Anal Chem. 2011 Dec 15;83(24):9230-3. doi: 10.1021/ac202723h. Epub 2011 Nov 18.
Mutations of the small GTP-binding protein Ras have been commonly found in tumors, and Ras oncogenes have been established to be involved in the early steps of cancerogenesis. The detection of Ras activity is critical in the determination of the cell signaling events controlling cell growth and differentiation. Therefore, development of improved methods for primary screening of novel potential drugs that target small GTPase or their regulators and their signaling pathways is important. Several assays have been developed for small GTPases studies, but all these methods have limitations for a high-throughput screening (HTS) use. Multiple steps including separation, use of radioactive labels or time-consuming immunoblotting, and a need of large quantities of purified proteins are decreasing the user-friendliness of these methods. Here, we have developed a homogeneous H-Ras activity assay based on a single-label utilizing the homogeneous quenching resonance energy transfer technique (QRET). In the QRET method, the binding of a terbium-labeled GTP (Tb-GTP) to small GTPase protein H-Ras protects the signal of the label from quenching, whereas the signal of the nonbound fraction of Tb-GTP is quenched by a soluble quencher. This enables a rapid determination of the changes in the activity status of Ras. The assay optimization showed that only 60 nM concentration of purified H-Ras protein was needed. The functionality of the assay was proved by detecting the effect of H-Ras guanine nucleotide exchange factor, Son of Sevenless. The signal-to-background ratio up to 7.7 was achieved with an average assay coefficient of variation of 9.1%. The use of a low concentration of purified protein is desirable and the signal-to-background ratio of 3.4 was achieved in the assay at a concentration of 60 nM for H-Ras and SOS proteins. The need of only one labeled molecule and the ability to decrease the quantities of purified proteins used in the experiments are valuable qualities in HTS showing the potential of the QRET method.

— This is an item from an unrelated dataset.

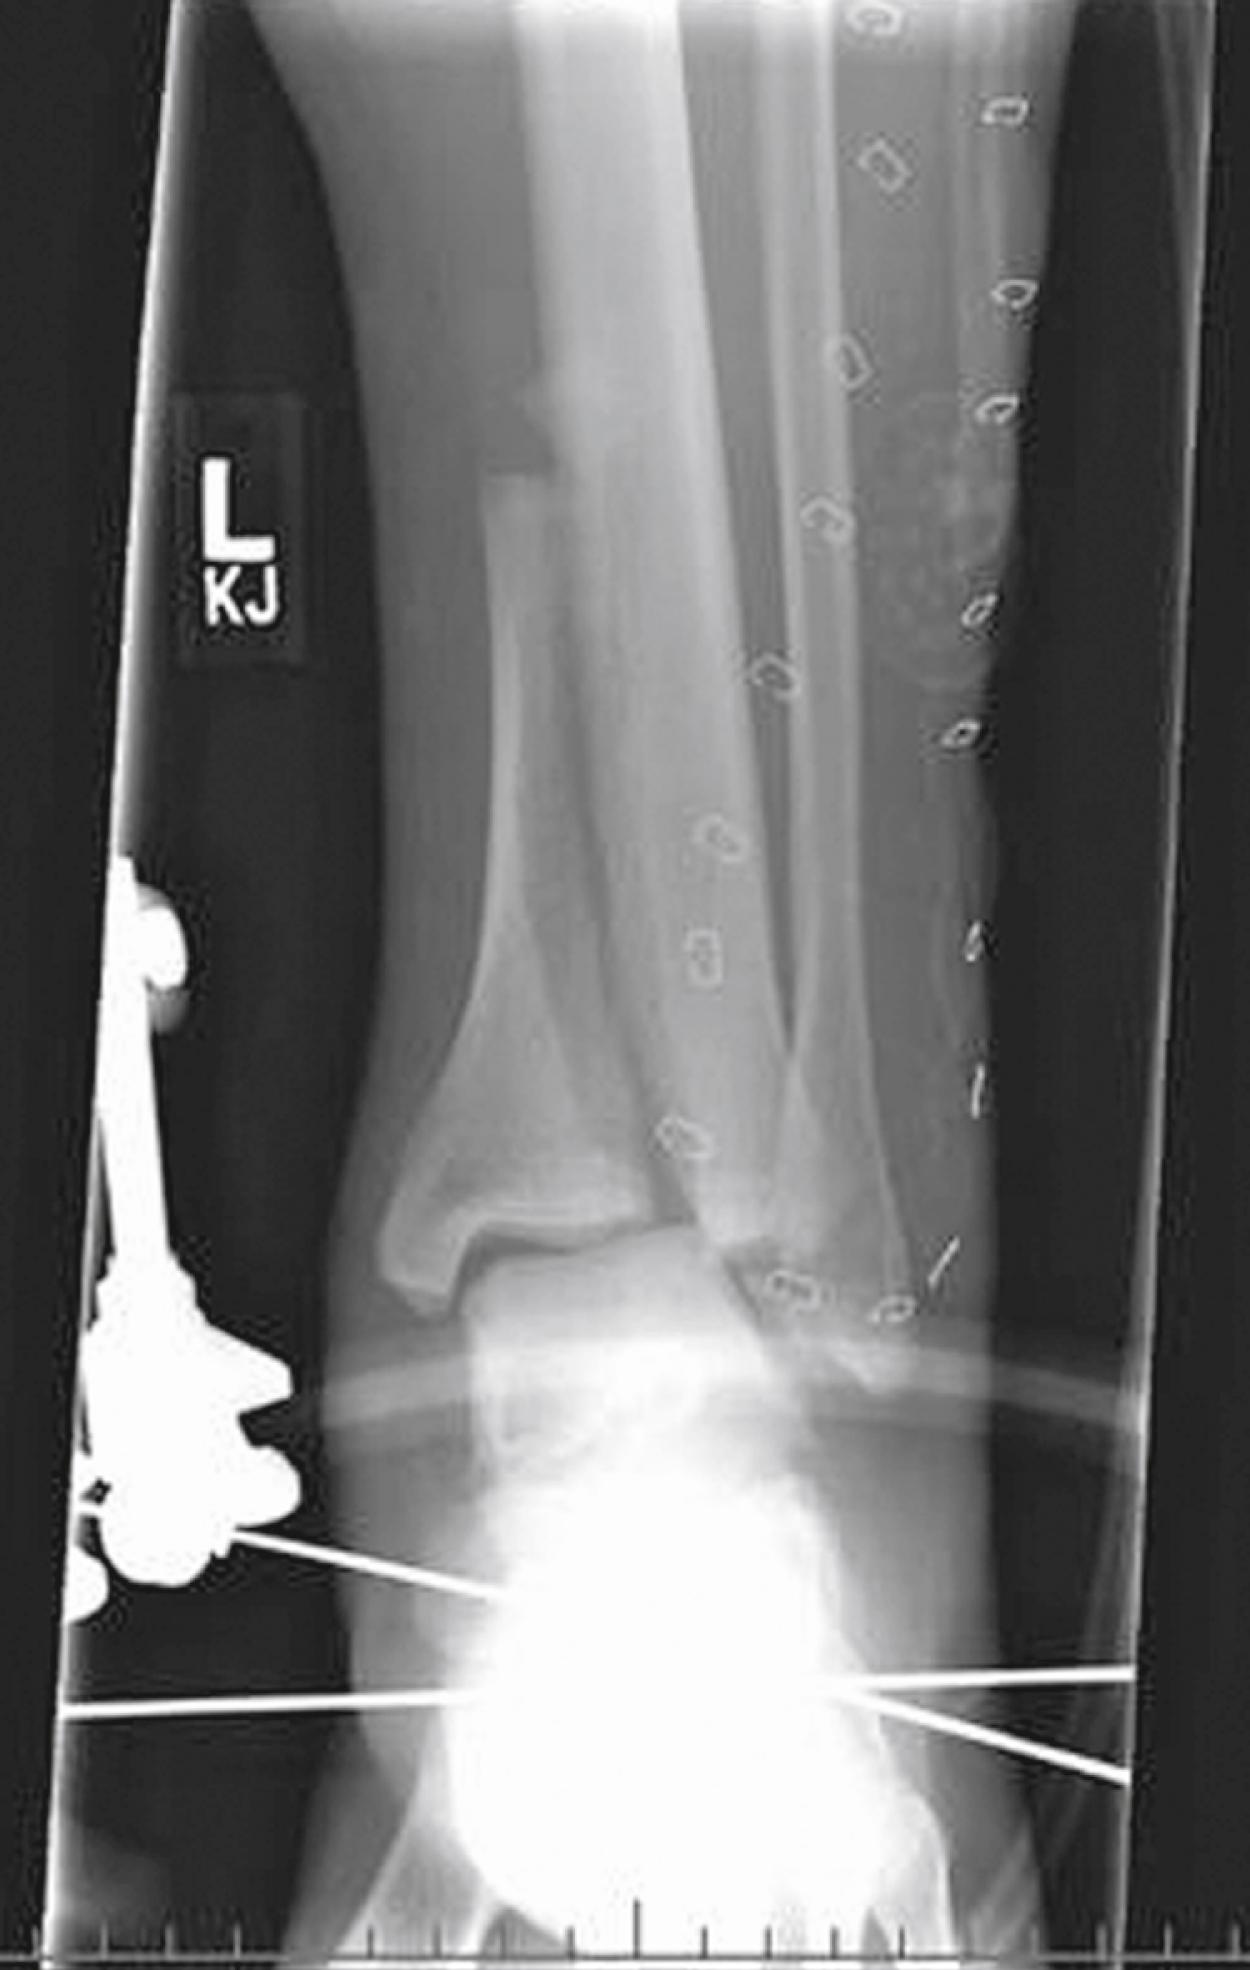 Fig. 22.19, Longitudinal fracture. During a motocross competition this teenager missed a jump and was thrown 20 feet in the air, then fell to the pavement below, landing directly on his foot. The force of the impact was transmitted upward through his ankle, resulting in this vertical tibia fracture.
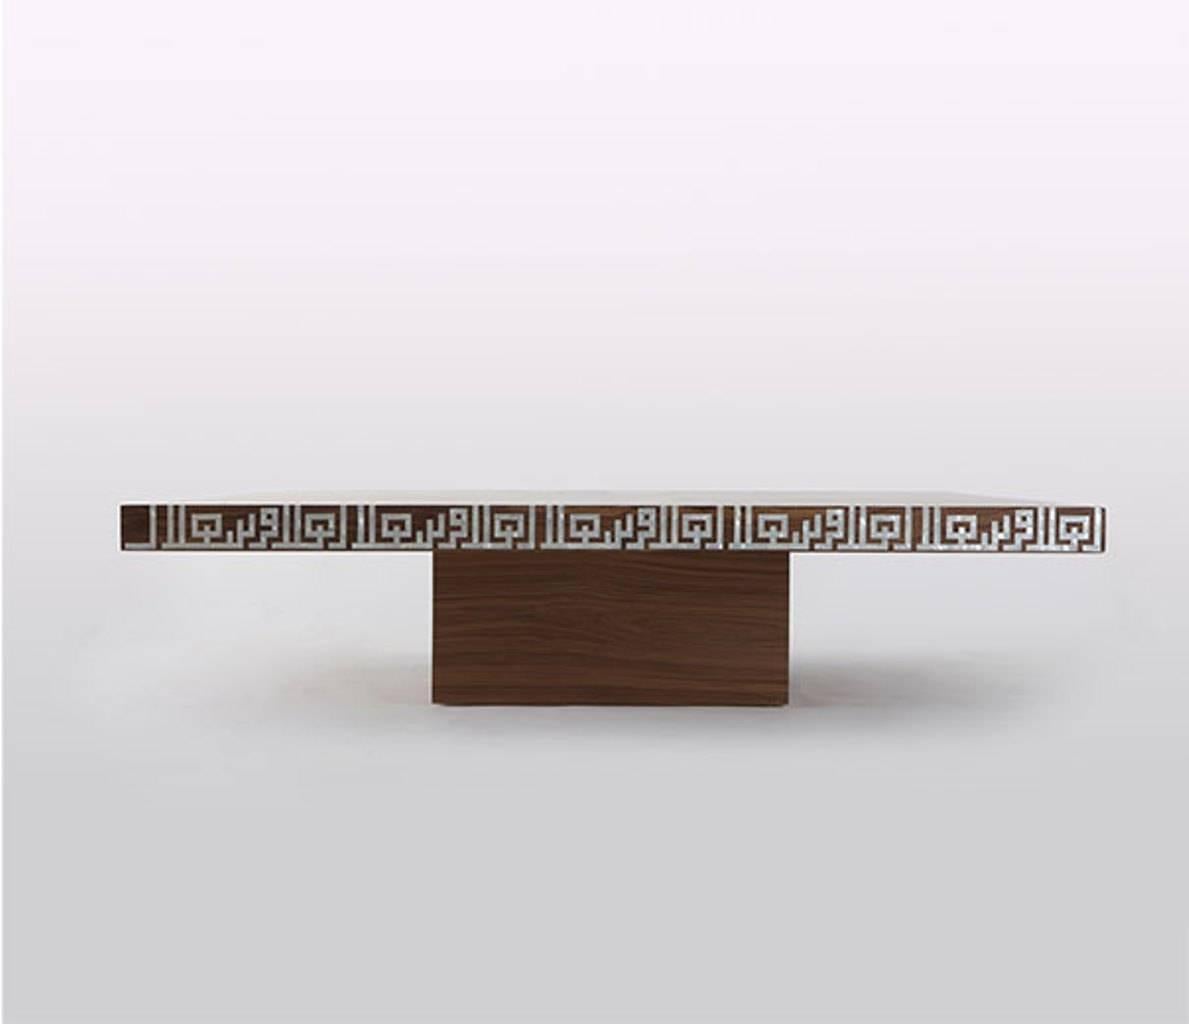 Contemporary square coffee table in brown American walnut finish and mother-of-pearl inlay. The design of this table focuses on eastern patterns and geometry. The type is directly inspired from the diamond Arabic dot shape as well as the geometric

Ras 是一种小 GTP 结合蛋白,其突变在肿瘤中很常见,Ras 癌基因已被确定参与癌症的早期发生。Ras 活性的检测对于确定控制细胞生长和分化的细胞信号事件至关重要。因此,开发改进的方法来筛选针对小 GTPase 或其调节剂及其信号通路的新型潜在药物非常重要。已经开发了几种用于小 GTPase 研究的测定方法,但所有这些方法都存在限制,不适合高通量筛选 (HTS) 使用。包括分离、使用放射性标记物或耗时的免疫印迹以及需要大量纯化蛋白在内的多个步骤降低了这些方法的易用性。在这里,我们开发了一种基于单标记利用均相猝灭共振能量转移技术 (QRET) 的均质 H-Ras 活性测定法。在 QRET 方法中,铽标记的 GTP (Tb-GTP) 与小 GTPase 蛋白 H-Ras 的结合保护了标记物的信号免受猝灭,而 Tb-GTP 的未结合部分的信号则被可溶性猝灭剂猝灭。这使得能够快速确定 Ras 活性状态的变化。通过检测 Son of Sevenless(一种 Ras 鸟苷核苷酸交换因子)对 Ras 的影响,证明了测定法的功能。实现了高达 7.7 的信号与背景比,平均测定变异系数为 9.1%。使用低浓度的纯化蛋白是理想的,在 60 nM 的浓度下,H-Ras 和 SOS 蛋白的测定中实现了 3.4 的信号与背景比。仅使用一个标记分子的能力以及在实验中减少使用的纯化蛋白的数量是 HTS 的有价值的特性,表明了 QRET 方法的潜力。